It was a dark afternoon. The clouds were thundering outside and the rain poured heavily. It was the perfect weather to work on my novel, so I grabbed my laptop from my bag and brought it to the fireplace.

My novel was called ‘BFF: Best Friend Fail’. It was about two best friends who grew up and did everything together, until they met a man. The man charmed the best friends and they both fell in love with him. Since they each could not give up on that man, they became rivals.

I know, it’s a rather cliché story, but my agent said there was a market for it. I finished writing the first draft a few weeks ago, and I was planning on improving it before sending it to my editor. Opening up the file on my laptop, I began with chapter one, ‘Dead Macy’.

No, that was not the title for chapter one. It was an error. I quickly changed the morbid word to ‘Dear’ and moved on. By the time night had fallen, I was done with five chapters and ready for bed. I also felt good about myself; only thirty more chapters to go!

The following morning, I decided not to waste any time and started on my novel right away. As I swallowed my buttered toast, I opened up the file and immediately groaned at what I saw. Those bold words did not seem to have saved the last time. After changing ‘Dead’ to ‘Dear’ again, I scrolled through what I had done the day before to check if the other changes were saved. Strangely they were, but I did not dwell on it much.

That day, I managed to go through ten chapters. By then I decided it was better to print it out and work on paper instead; I always wanted to be an English teacher.
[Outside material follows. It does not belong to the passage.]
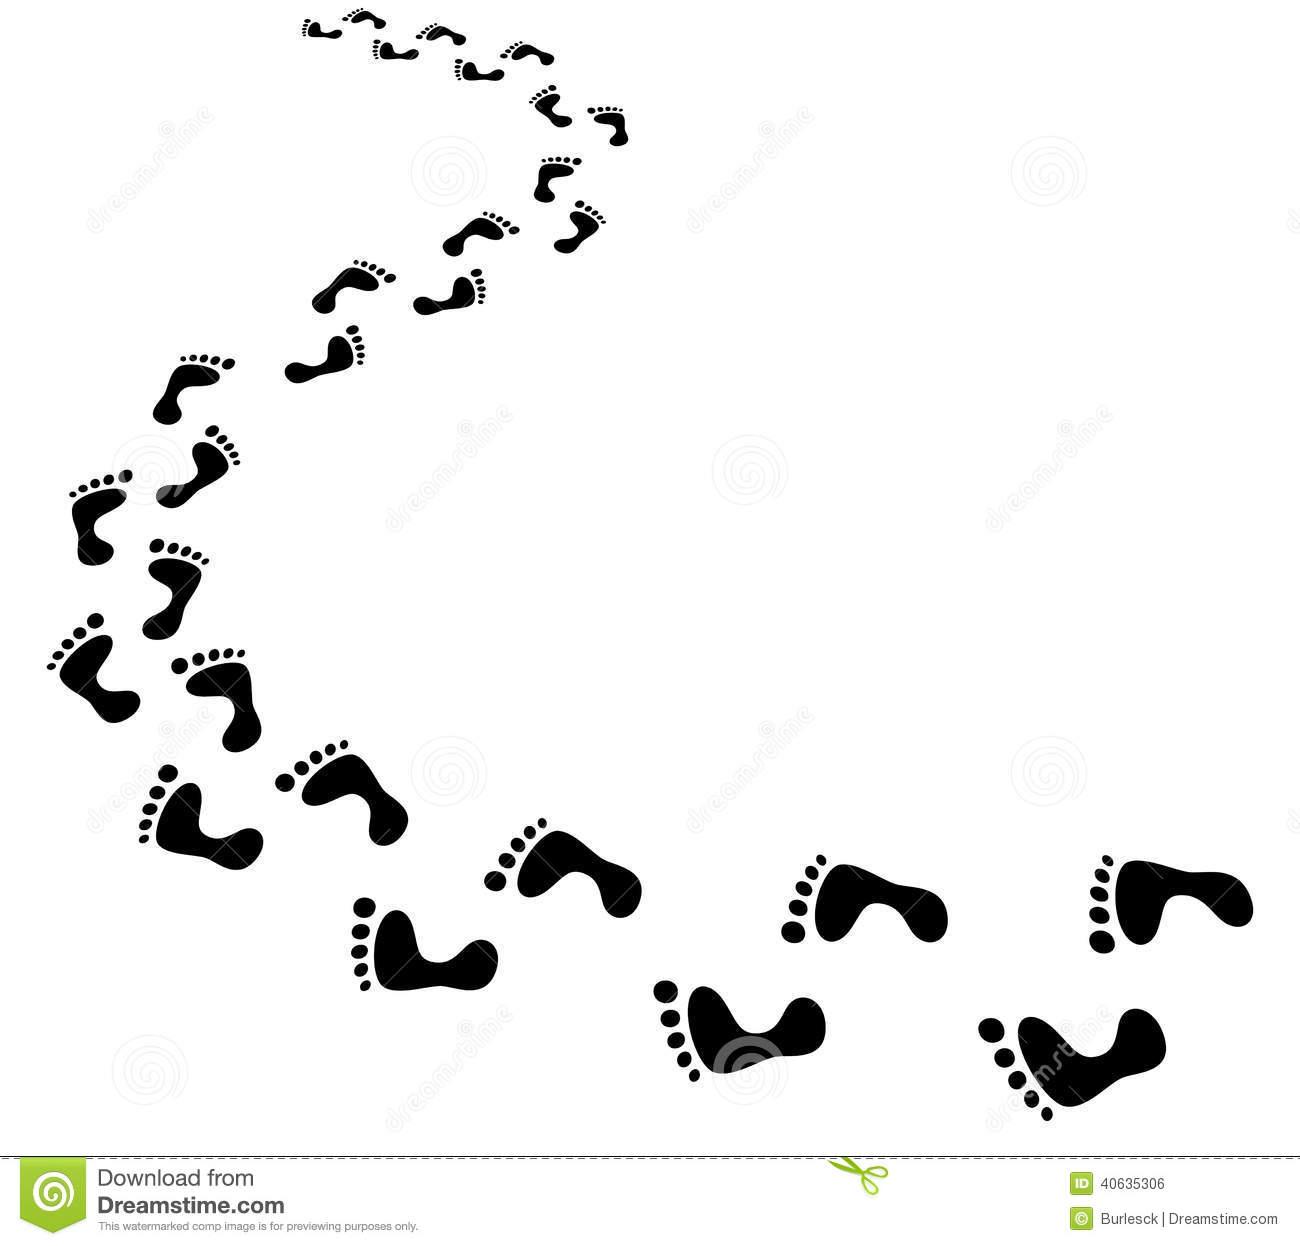 1639 Footprints free clipart.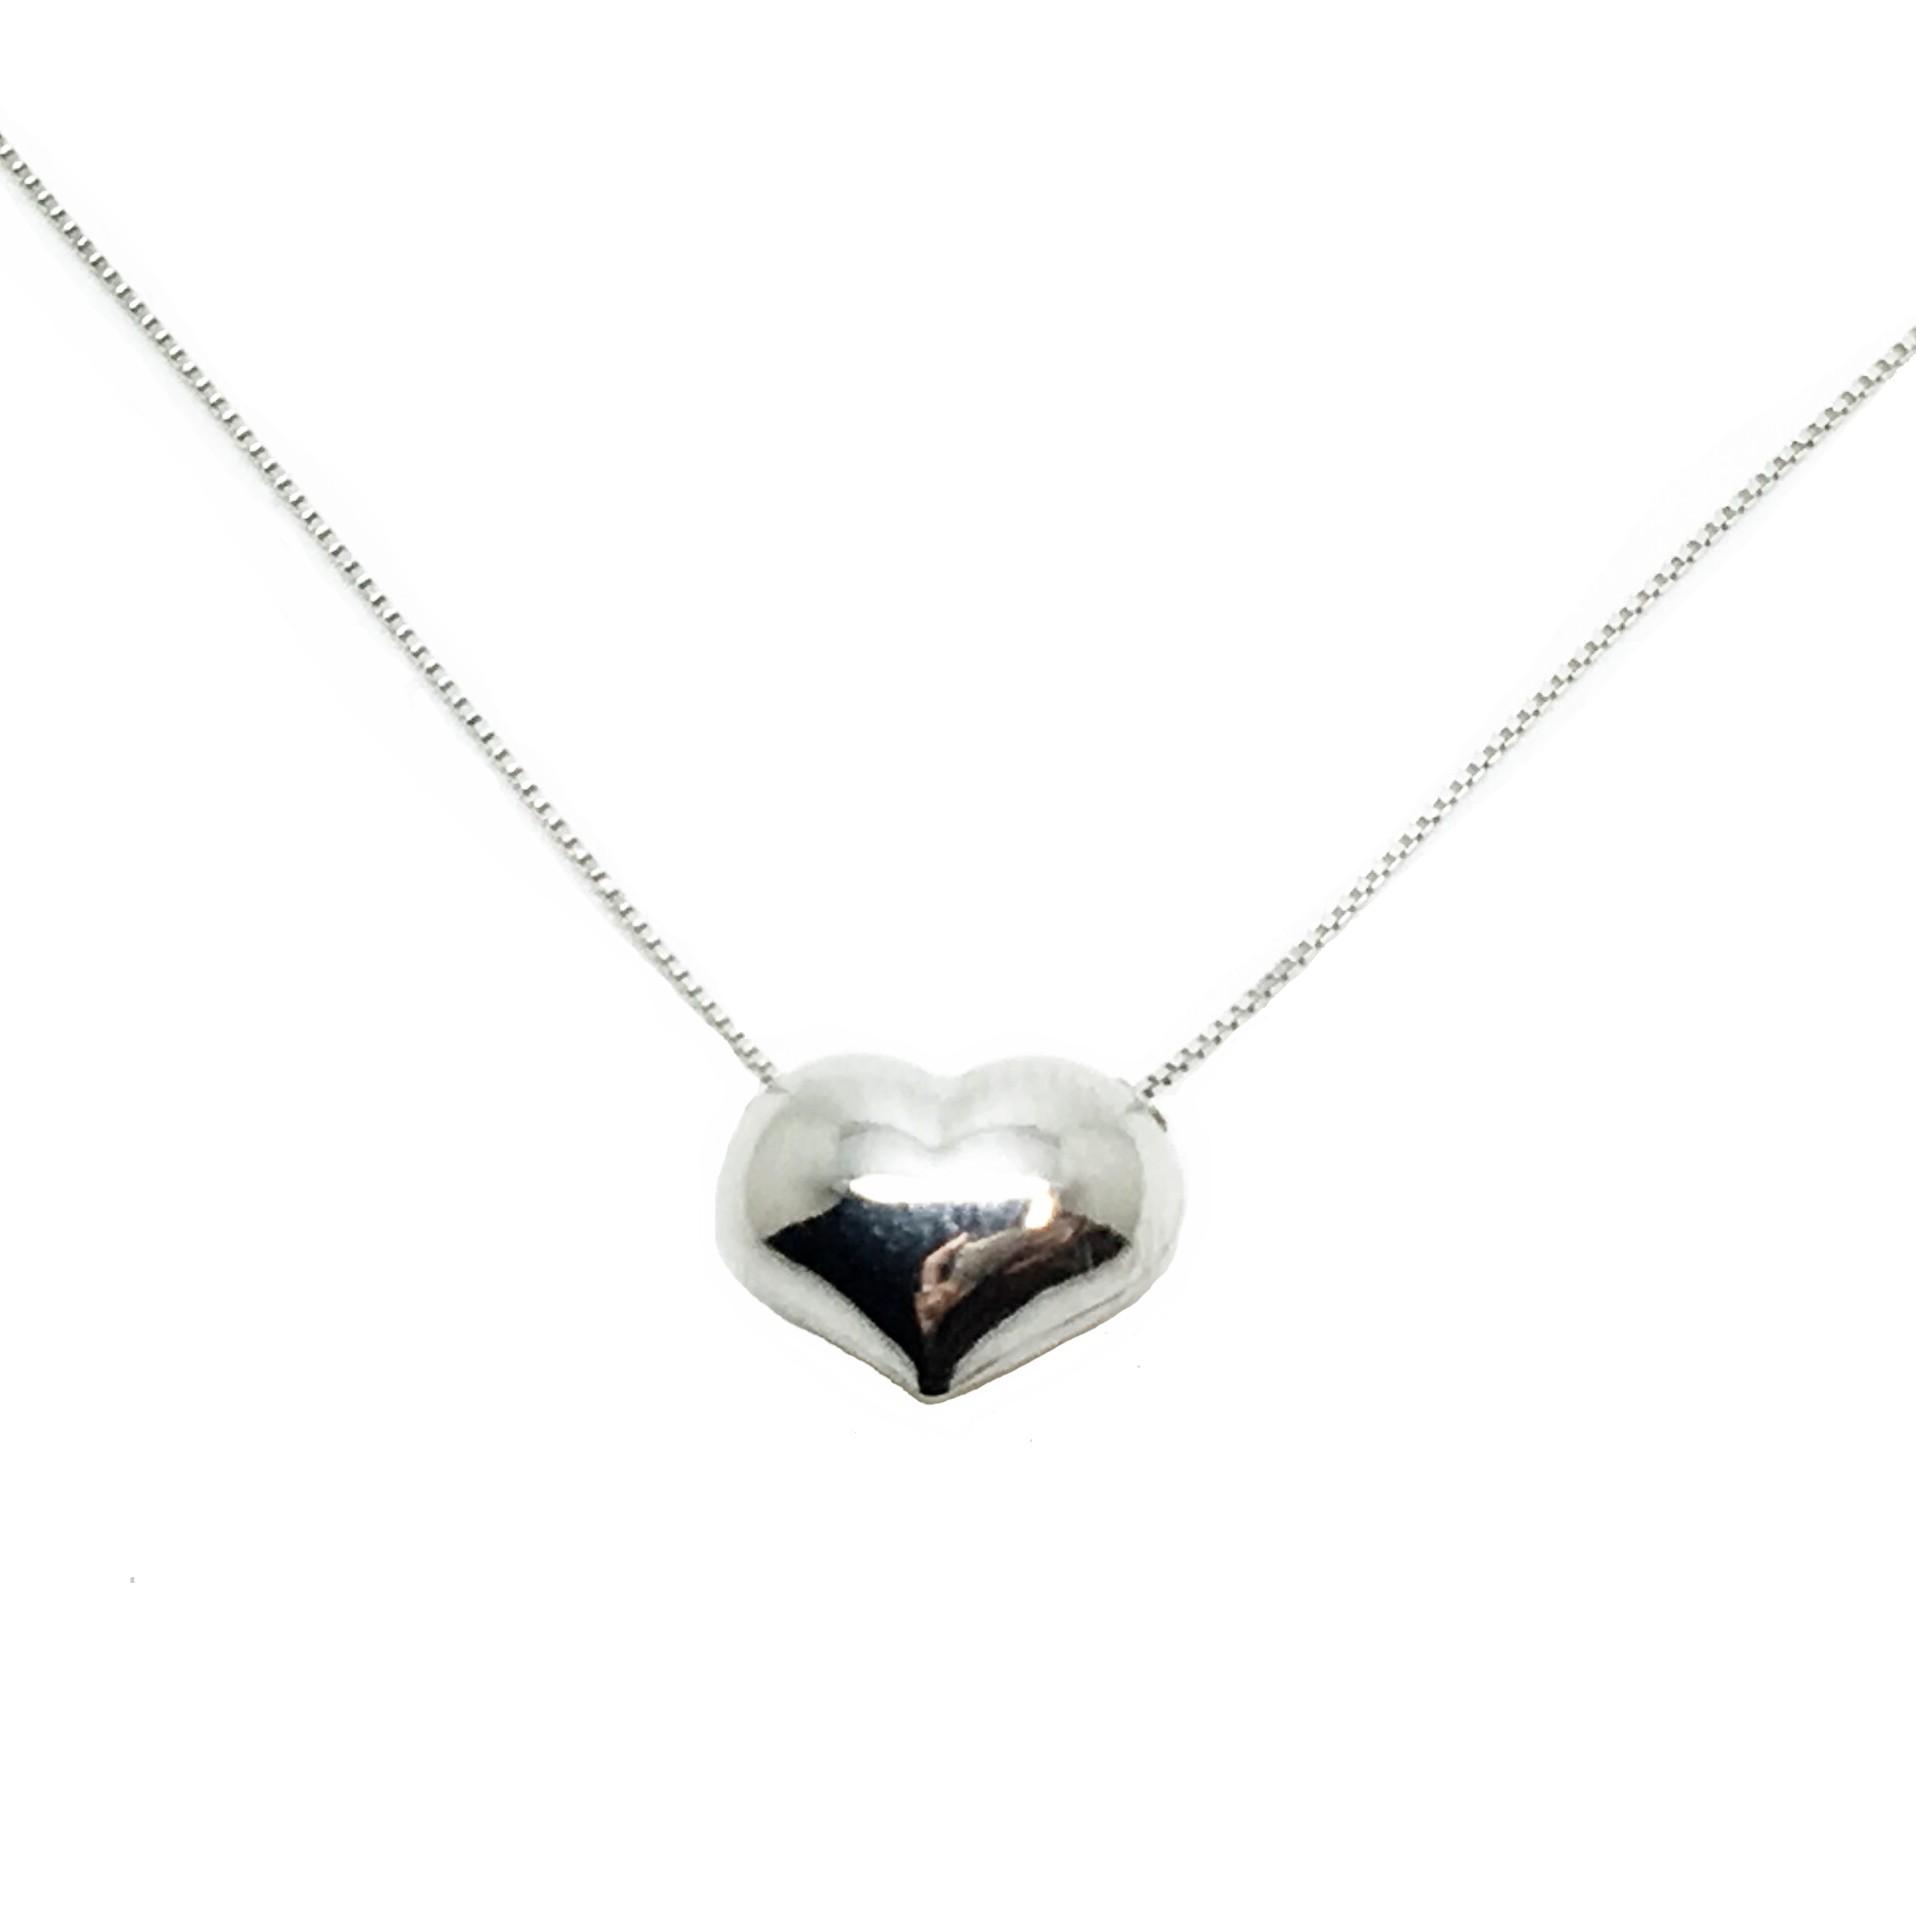 diseño de calidad 75a27 34e16 Gargantilla de oro blanco Corazón

So before heading to bed, I hooked my laptop to the printer and left it to print while I snoozed.

When morning arrived, I put off working on my novel and decided to go for a walk. There was a small path behind my holiday cabin that led to a lake, and I was hoping for nature to inspire me. After my walk, I returned to the cabin and went straight to the printer. Rearranging the sheets of paper, I came across a word that was starting to annoy me. Quickly grabbing a red pen, I crossed out the word ‘Dead’ and wrote ‘Dear’ above it.

Checking my laptop after, I found that the error was still there. Frustrated that my laptop was acting up, I retyped the word, and printed the first page. I was confident this time, as I strutted to the printer only to find the same grim word.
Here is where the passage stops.